There are elements to the game that were rather enjoyable. As a I briefly mentioned, the soundtrack is pretty decent especially if you’re a fan of 80s Dream-Wave Electronic music reminiscent of artists like Droid Bishop or Carpenter Brut. If that happens to be your thing than you’re in for a treat. The game itself is not a badly constructed game and has multiple fun elements including the shoot and slash combos you can achieve. The general movement of your character that can be powered by what the developers call the “Blade Assisted Surface Traversal (BLAST) system” which allows you to zoom and glide while both dodging and destroying enemies in various directions is probably one of the main things you have to look forward to playing this game. The SFX also contribute to a well orchestrated battle while it lasts.

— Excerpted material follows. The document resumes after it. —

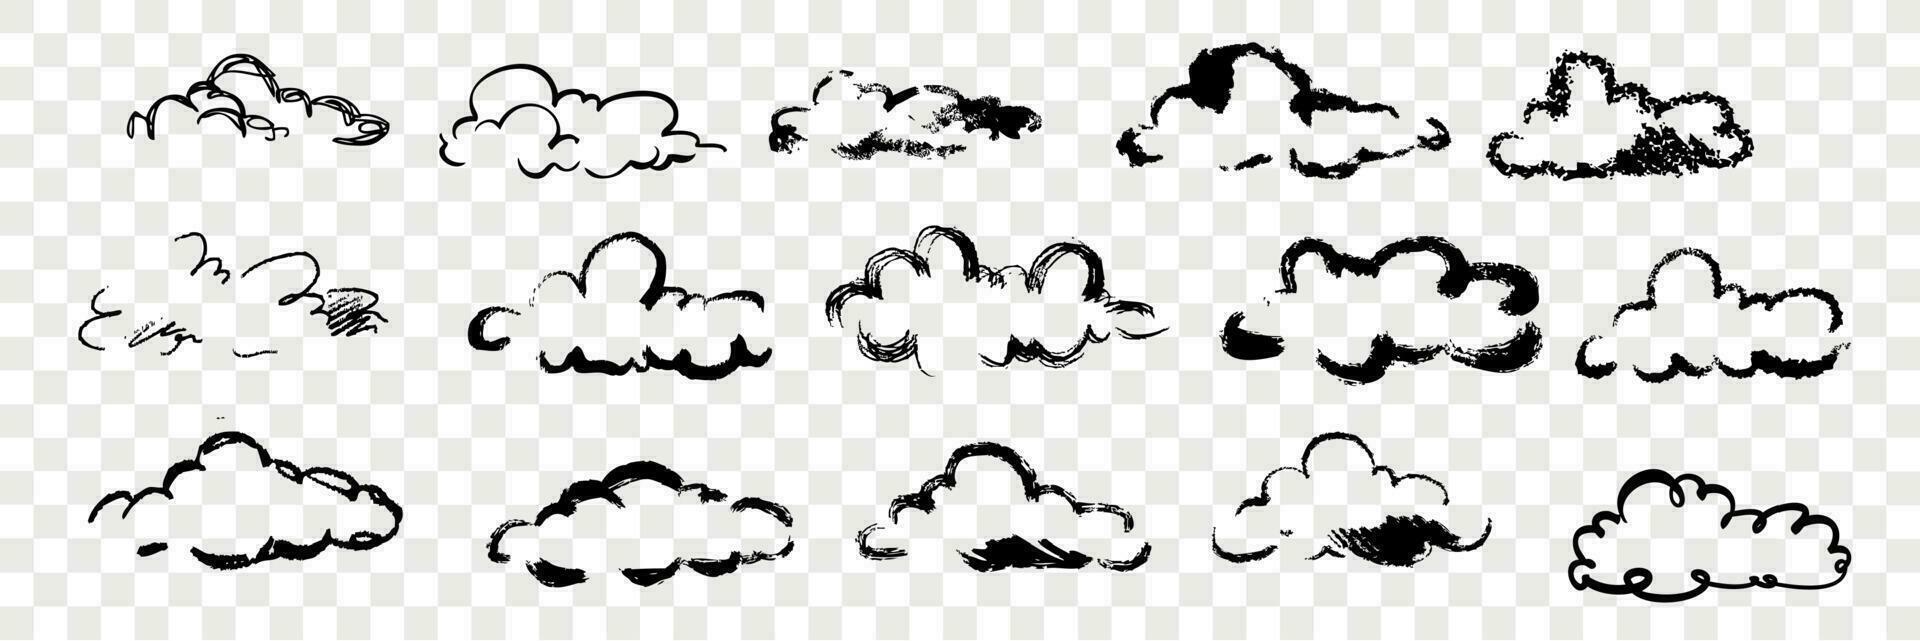 Hand drawn clouds set collection vector
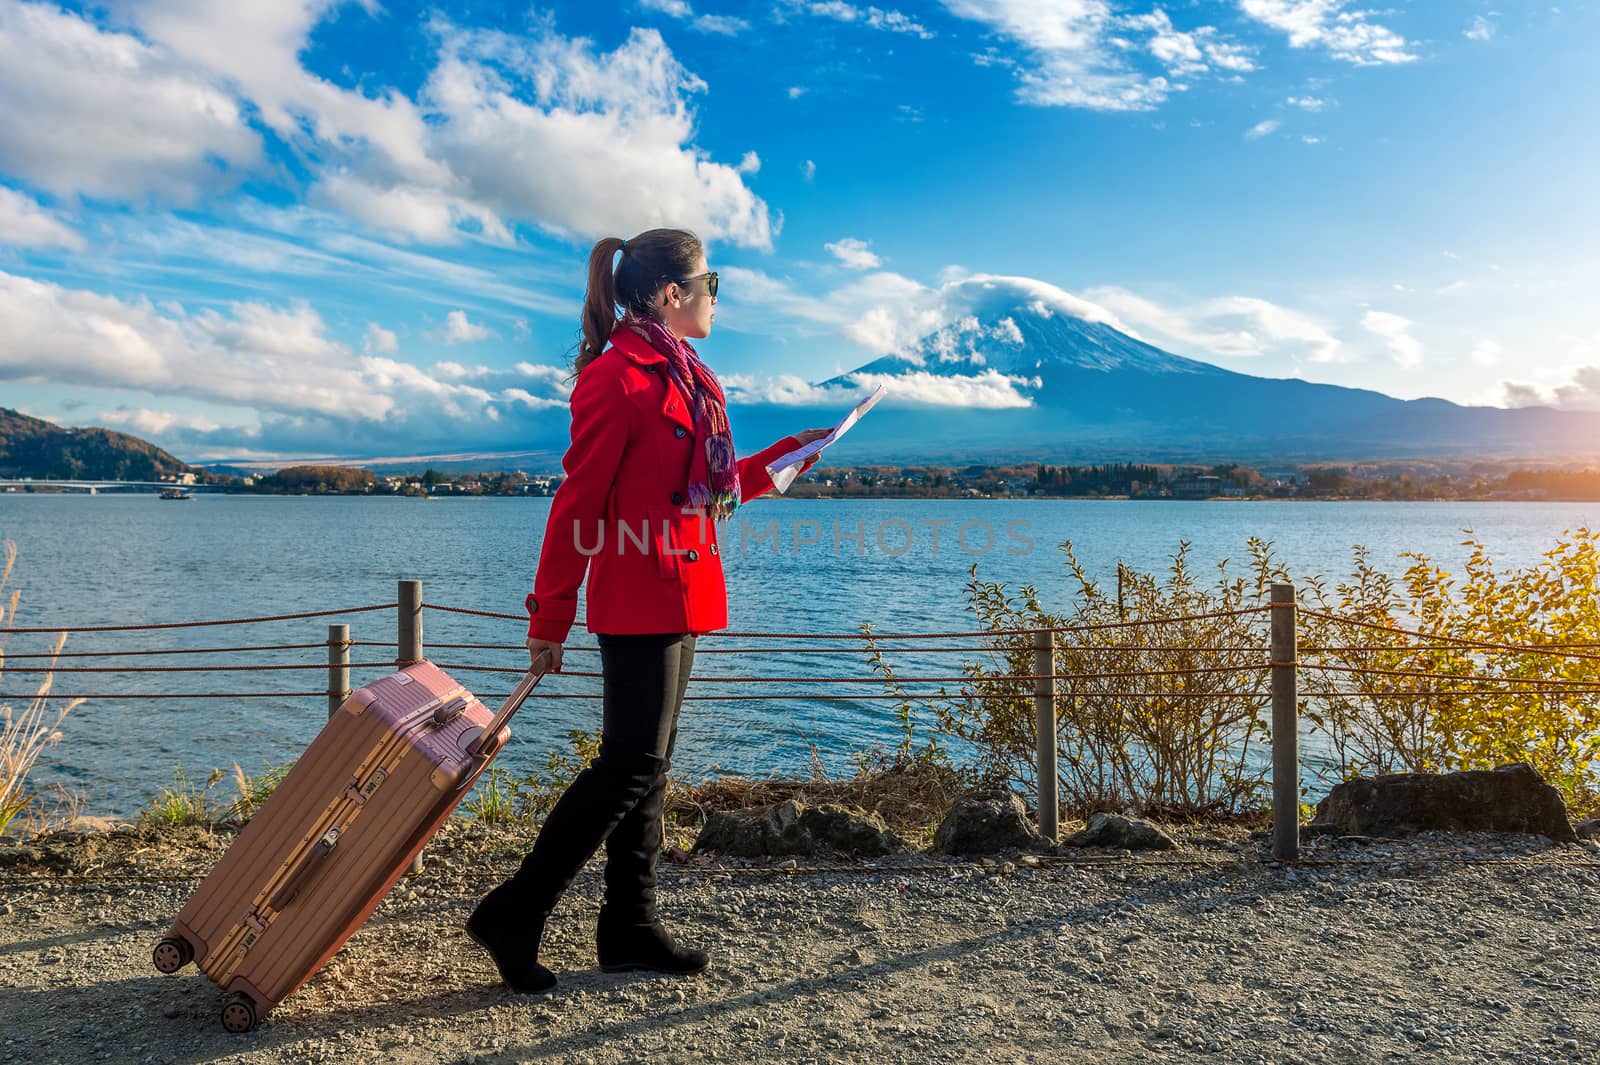 Tourist with baggage and map at Fuji mountain, Kawaguchiko in Japan. by gutarphotoghaphy

Blood Alloy was reviewed using a PC downloadable code provided by the Suppressive Fire Games. The PC version was tested on a PC running Windows 10, with a 4GB NVIDIA Geforce GT 750M fitted on a 4th Generation Intel i7 4700HQ 3.4Ghz CPU and topped with 16GB of RAM. We don’t discuss review scores with publishers or developers prior to the review being published

What we liked

• Well orchestrated soundtrack and SFX
• Movement variety and achievable combos
• General idea behind the game. Chick in cybernetic armor, kicking robot butt? Yes, please.

What is not fun

• Lack of in game motivation to continue due to grind and repetition
• Limited pay-off for said grind
• Lack of objectives and story

Editor Rating
 
Concept
6.7

 
Graphics
5.4

 
Sound
9.8

 
Playability
8.6

 
Entertainment
6.7

 
Replay Value
3.2

Final Score
6.7


Our final verdict
 

I personally feel like this would've been one of those games better suited for a phone, something you pick up in waiting rooms to beat your friend's high score. Having said that, the current price point on Steam is definitely not justified for the tiny bit of Metroid-inspired nostalgia you're meant to gain from this game.